5 Who removeth mountains without their knowing,

That He hath overturned them in His wrath;

6 Who causeth the earth to shake out of its place,

And its pillars to tremble;

7 Who commandeth the sun, and it riseth not,

And sealeth up the stars.

יָדָעוּ וְלֹא (Job 9:5) may also be translated: without one's perceiving it or knowing why; but it is more natural to take the mountains as the subject. אֲשֶׁר, quod, that (not “as,” Ewald, §333, a), after יָדַע, as Eze 20:26; Ecc 8:12. Even the lofty mountains are quite unconscious of the change which He effects on them in a moment. Before they are aware that it is being done, it is over, as the praet. implies; the destructive power of His anger is irresistible, and effects its purpose suddenly. He causes the earth to start up from its place (comp. Isa 13:13) which it occupies in space (Job 26:7); and by being thus set in motion by Him, its pillars tremble, i.e., its internal foundations (Psa 104:5), which are removed from human perception (Job 38:6). It is not the highest mountains, which are rather called the pillars, as it were the supports, of heaven (Job 26:11), that are meant. By the same almighty will He disposes of the sun and stars.
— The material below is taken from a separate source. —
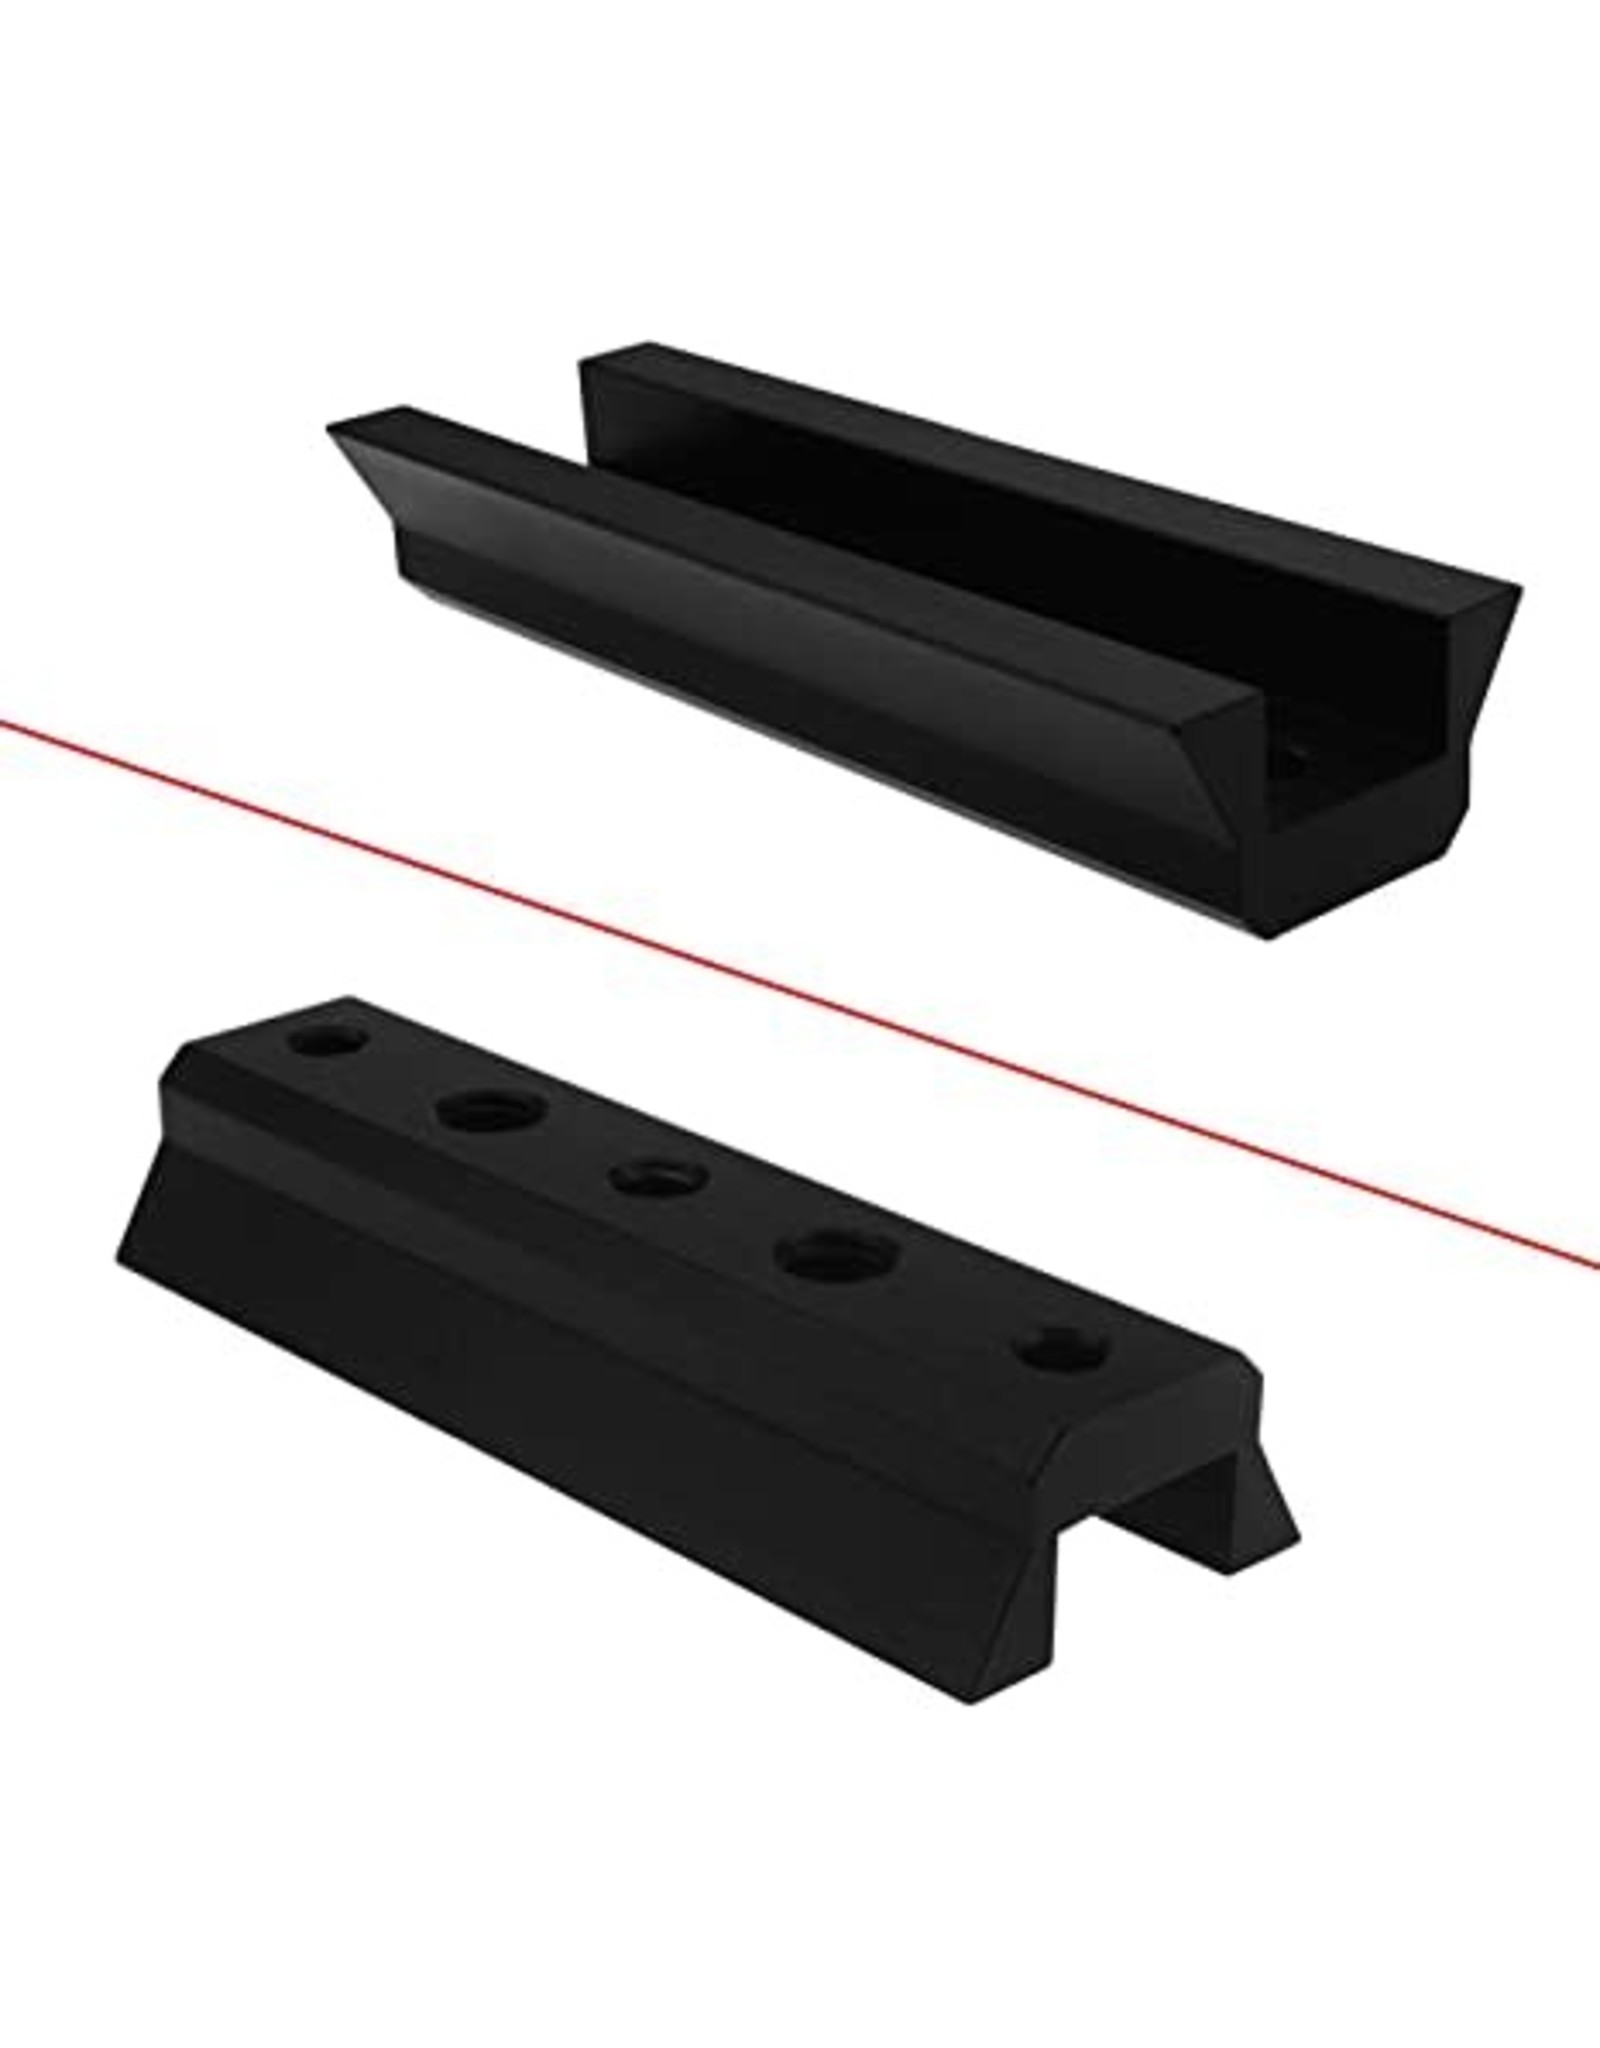 Synta Synta Dovetail Bar - fits The Dovetail mounting Base for finderscopes/guidescopes on most telescopes
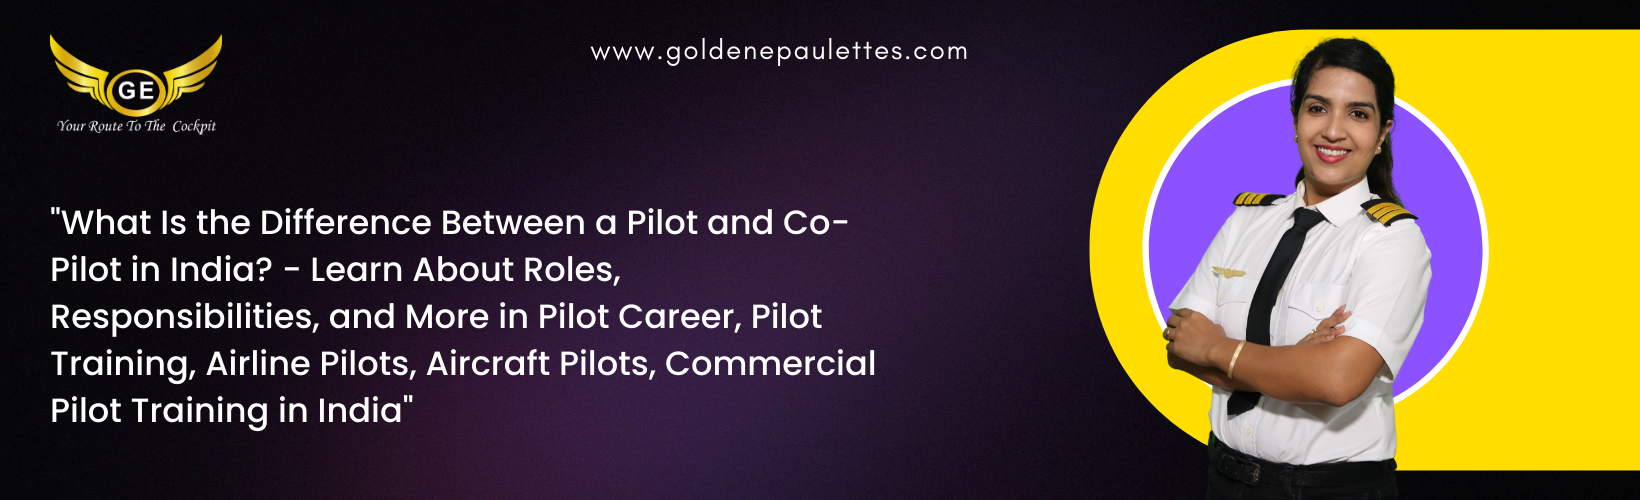 What is the Difference Between a Pilot and a Co-Pilot in India

The sun is here called חֶרֶס (as in Jdg 14:18 חַרְסָה with unaccented ah, and as Isa 19:18 ‛Ir ha-Heres is a play upon הַחֶרֶס עִיר, Ἡλιούπολις), perhaps from the same root as חָרוּץ, one of the poetical names of gold. At His command the sun rises not, and He seals up the stars, i.e., conceals them behind thick clouds, so that the day becomes dark, and the night is not made bright. One may with Schultens think of the Flood, or with Warburton of the Egyptian darkness, and the standing still of the sun at the word of Joshua; but these are only single historical instances of a fact here affirmed as a universal experience of the divine power.